When I try to remove any file inside those directories, I get following error.

[root@client4 d2]# ls
f6
[root@client4 d2]# rm f6
rm: remove regular file `f6'? y
rm: cannot remove `f6': No such file or directory
[root@client4 d2]# ls
f6
[root@client4 d2]#

Even though the file f6 is present, I get no such file or directory.
Version-Release number of selected component (if applicable):
glusterfs-3.3.0qa18

Steps to Reproduce:
1. Create a 2 way distribute volume with rdma transport
2. Try to remove the files it created.
  
Actual results:
Unable to remove the files.

Expected results:
Files should be deleted when rm -rf is issued on directory.

Additional info:

I see following errors in client log.


[2011-12-29 02:50:13.819765] C [client-handshake.c:121:rpc_client_ping_timer_expired] 0-hosdu-client-0: server 10.1.10.21:24009 has not responded in the last 42 seconds, disconnecting.
[2011-12-29 02:50:46.219610] E [rpc-clnt.c:380:saved_frames_unwind] (-->/usr/local/lib/libgfrpc.so.0(rpc_clnt_notify+0x186) [0x7f1de08665d5] (-->/usr/local/lib/libgfrpc.so.0(rpc_clnt_connection_cleanup+0x1c5) [0x7f1de08654d6] (-->/usr/local/lib/libgfrpc.so.0(saved_frames_destroy+0x45) [0x7f1de0864c0e]))) 0-hosdu-client-0: forced unwinding frame type(GlusterFS Handshake) op(PING(3)) called at 2011-12-29 02:49:30.816174
[2011-12-29 02:50:46.219662] W [client-handshake.c:265:client_ping_cbk] 0-hosdu-client-0: timer must have expired
[2011-12-29 02:50:46.271731] W [rpc-clnt.c:1478:rpc_clnt_submit] 0-hosdu-client-0: failed to submit rpc-request (XID: 0x2758286x Program: GlusterFS 3.1, ProgVers: 310, Proc: 11) to rpc-transport (hosdu-client-0)
[2011-12-29 02:50:46.271796] W [client3_1-fops.c:373:client3_1_open_cbk] 0-hosdu-client-0: remote operation failed: Transport endpoint is not connected.

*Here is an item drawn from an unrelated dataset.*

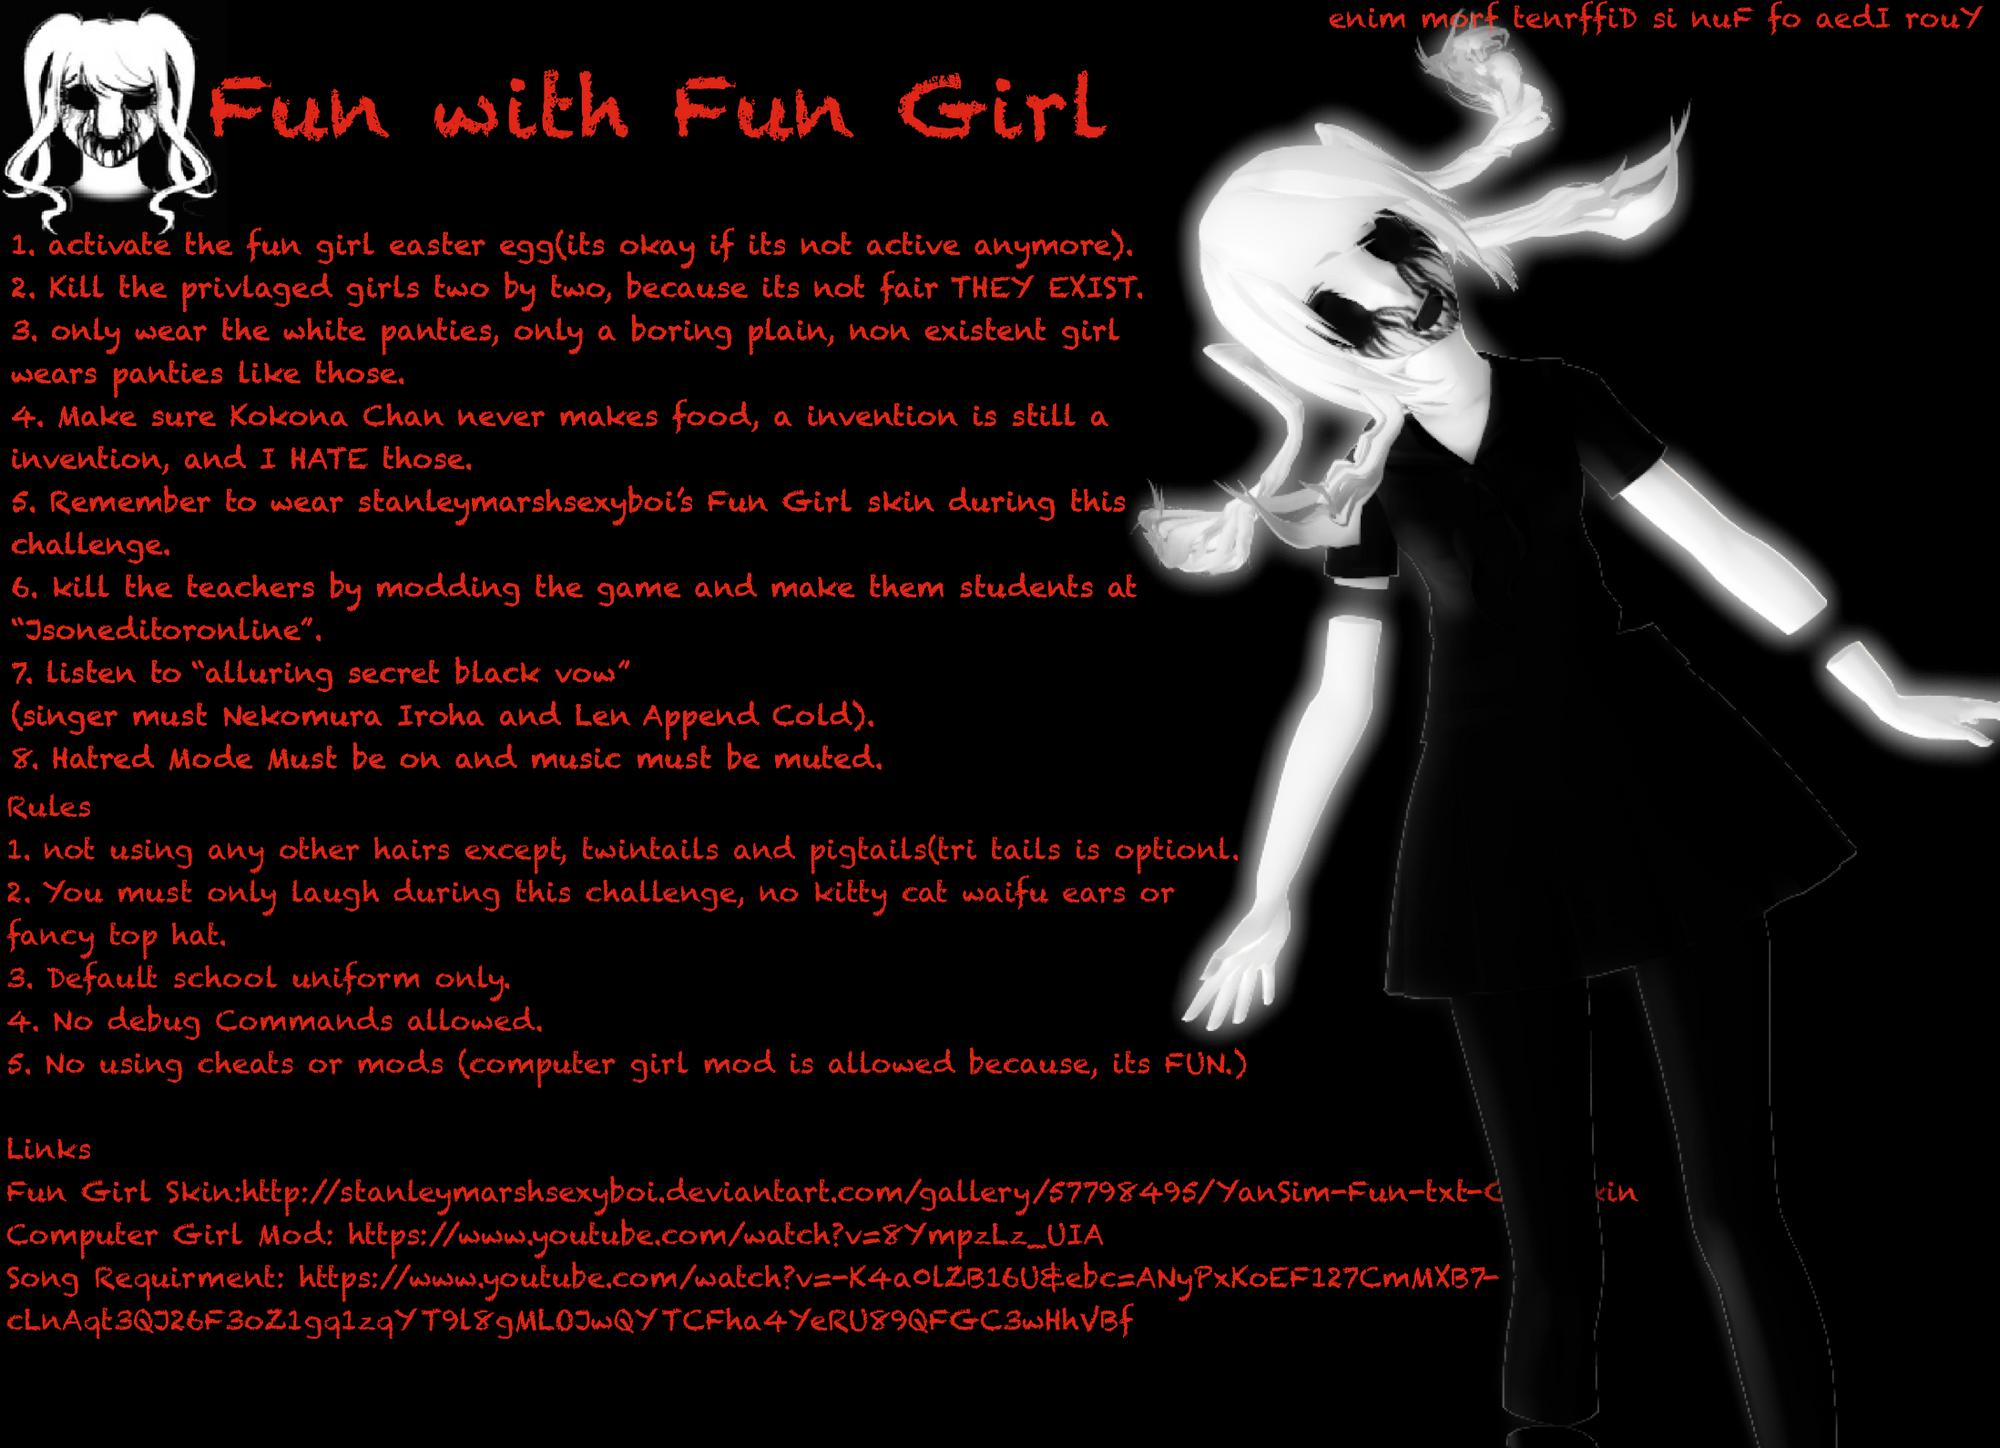 Image fun girl challengepng png yandere simulator wiki fandom

Path: /run1994/sbench.707
[2011-12-29 02:50:46.271800] I [client.c:1885:client_rpc_notify] 0-hosdu-client-0: disconnected
[2011-12-29 02:50:46.271833] W [fuse-bridge.c:745:fuse_fd_cbk] 0-glusterfs-fuse: 4696521: OPEN() /run1994/sbench.707 => -1 (Transport endpoint is not connected)
[2011-12-29 02:50:46.276205] W [rpc-clnt.c:1478:rpc_clnt_submit] 0-hosdu-client-0: failed to submit rpc-request (XID: 0x2758287x Program: GlusterFS 3.1, ProgVers: 310, Proc: 1) to rpc-transport (hosdu-client-0)
[2011-12-29 02:50:46.276234] W [client3_1-fops.c:418:client3_1_stat_cbk] 0-hosdu-client-0: remote operation failed: Transport endpoint is not connected
[2011-12-29 02:50:46.337293] E [client-handshake.c:1166:client_query_portmap_cbk] 0-hosdu-client-0: failed to get the port number for remote subvolume
[2011-12-29 02:50:46.362511] I [rpc-clnt.c:1597:rpc_clnt_reconfig] 0-hosdu-client-0: changing port to 24009 (from 0)
[2011-12-29 02:50:46.395674] I [client-handshake.c:1085:select_server_supported_programs] 0-hosdu-client-0: Using Program GlusterFS 3.3.0qa18, Num (1298437), Version (310)
[2011-12-29 02:50:46.399241] I [client-handshake.c:917:client_setvolume_cbk] 0-hosdu-client-0: Connected to 10.1.10.21:24009, attached to remote volume '/tmp/brick'.
[2011-12-29 04:04:56.975141] I [dict.c:336:dict_get] (-->/usr/local/lib/glusterfs/3.3.0qa18/xlator/protocol/client.so(client3_1_readdirp_cbk+0x4aa) [0x7f1ddca0a597] (-->/usr/local/lib/glusterfs/3.3.0qa18/xlator/cluster/distribute.so(dht_rmdir_readdirp_cbk+0xb2) [0x7f1ddc7a83ed] (-->/usr/local/lib/glusterfs/3.3.0qa18/xlator/cluster/distribute.so(dht_rmdir_is_subvol_empty+0x111) [0x7f1ddc7a7c77]))) 0-dict: !this || key=trusted.glusterfs.dht.linkto
[2011-12-29 04:05:25.252896] W [client3_1-fops.c:509:client3_1_unlink_cbk] 0-hosdu-client-0: remote operation failed: No such file or directory
[2011-12-29 04:05:25.252949] W [fuse-bridge.c:1068:fuse_unlink_cbk] 0-glusterfs-fuse: 4795433: UNLINK() /run1994/pc/d0/d2/f6 => -1 (No such file or directory)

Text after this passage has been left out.